Above formats use similar schema to protobuf for message definition, and are ultimately similar.

Pick one ?

For your business you do not want to be paying the cost of mixing and matching message formats. This is a high cost to the engineers who may maintain two alternate types of messaging systems and formats.

Worse, with two message formats in use, the messages will need to be translated across the formats. This is a new problem with the associated costs which is avoided by using only one technology.

This kind of message translation layer is generally not something a programmer will be eager to author or maintain. With AI, maintenance has become easier but there are still high costs
in complexity and the need to maintain this mapping code.

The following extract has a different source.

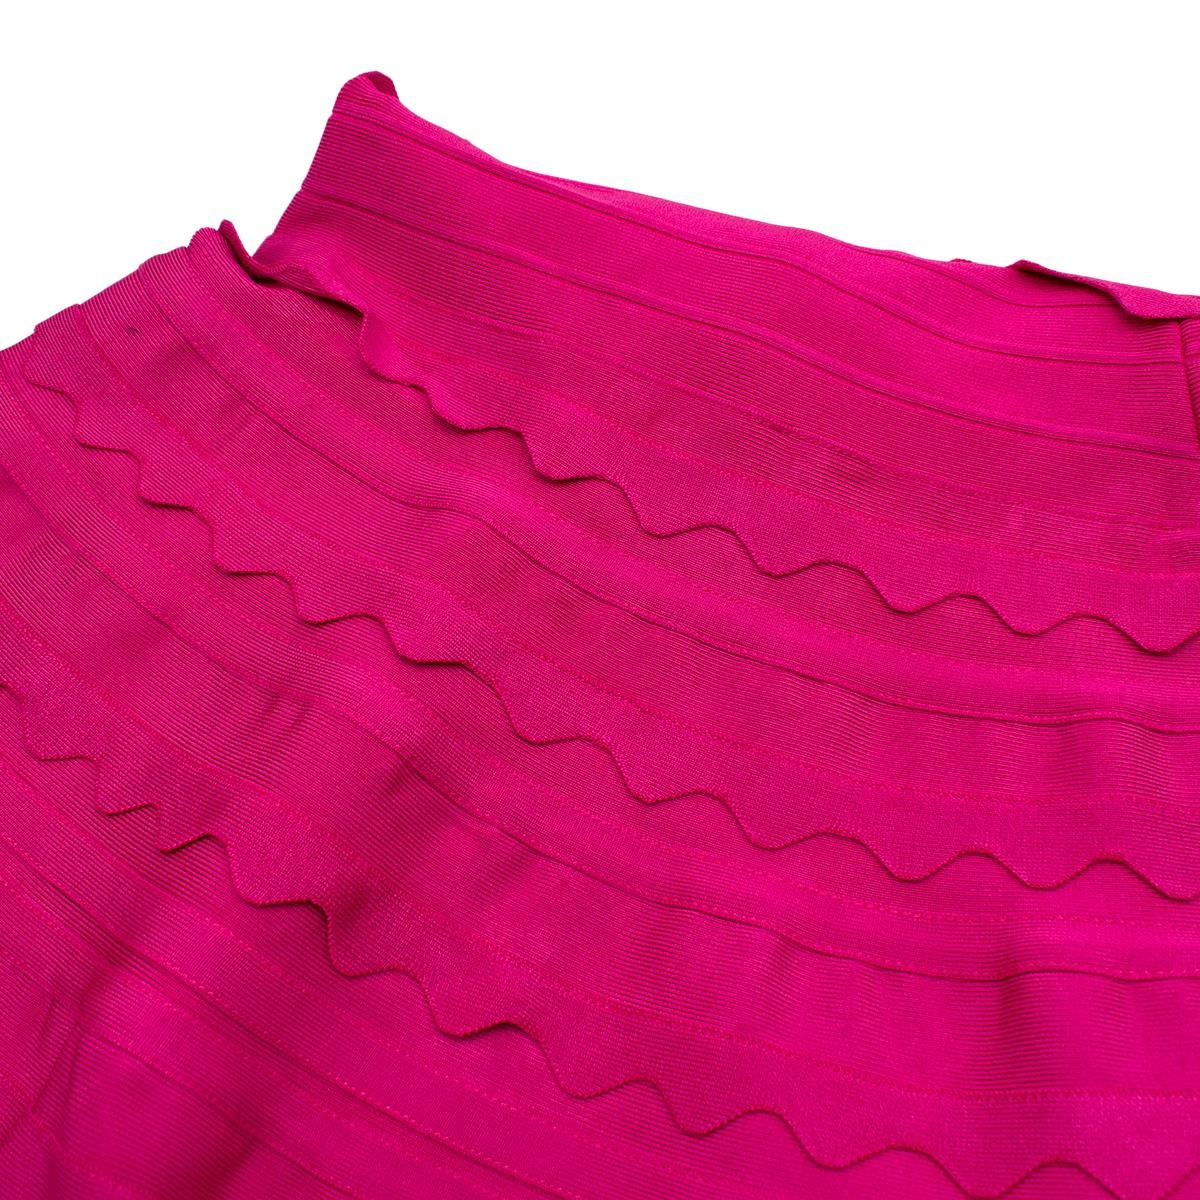 Herve Leger Nikayla Scalloped Edge Caprice Pink Dress  - Us size 6 For Sale 1
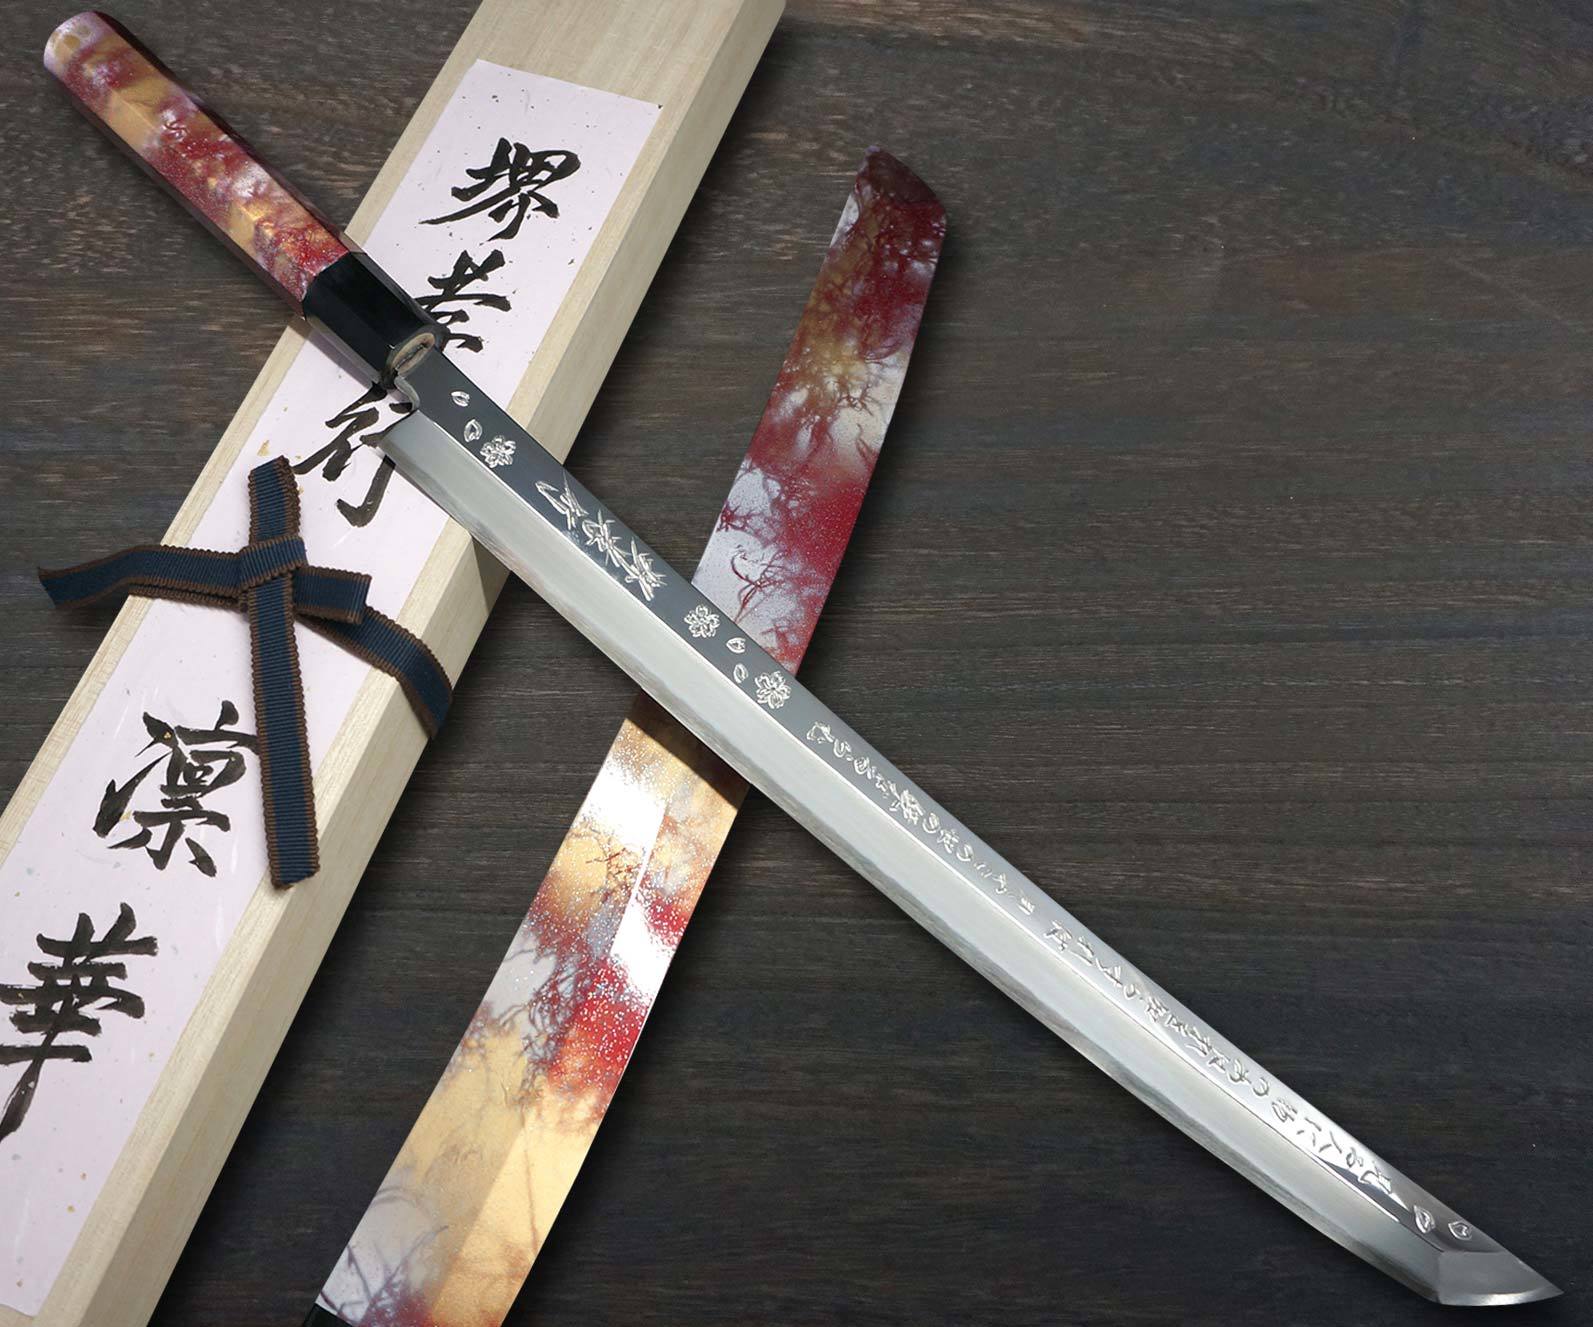 Mitsumoto Sakari 7 inch Damascus Japanese Chef's Knives, Hand Forged AUS-10 Kiritsuke Chef Knife with Pakkawood Handle, Professional Super Stainless

These mapping layers often become the most complicated parts of the system; and most systems are primarily message middleware!

Protobuf preferred

Protobuf is generally preferred for a few key reasons:

  1. gRPC exists for Proto and is a powerful and efficient remote messaging framework
  2. Google supports gRPC and Protobuf
  3. Google uses Protobuf and a flavor of gRPC internally for all messaging

For this reason protobuf enjoys the most cross language support. When you use protobuf you can be confident that every major and minor language you may ever want to use in your organization is supported is one advantage. Google maintenance for the language plugins leads to a high quality developer experience.

Avro comparison

Avro enjoys strong Java community support. Avro until recently lacked anything to compete with gRPC and therefore was not a serious candidate for most businesses. Avro was chosen by Confluent as the first format for their binary schema registry and this has made Avro more popular for usage with Kafka; however, protobufs work with this registry as it has been added by Confluent in recent years, although originally Avro was the only choice.

Avro Cons (major)

Avro lacks the kind of service and client code generation facility of gRPC. gRPC will generate a fully working server which uses protobufs by defining the calls in gRPC IDL.

gRPC IDL

gRPC makes a service interface IDL available.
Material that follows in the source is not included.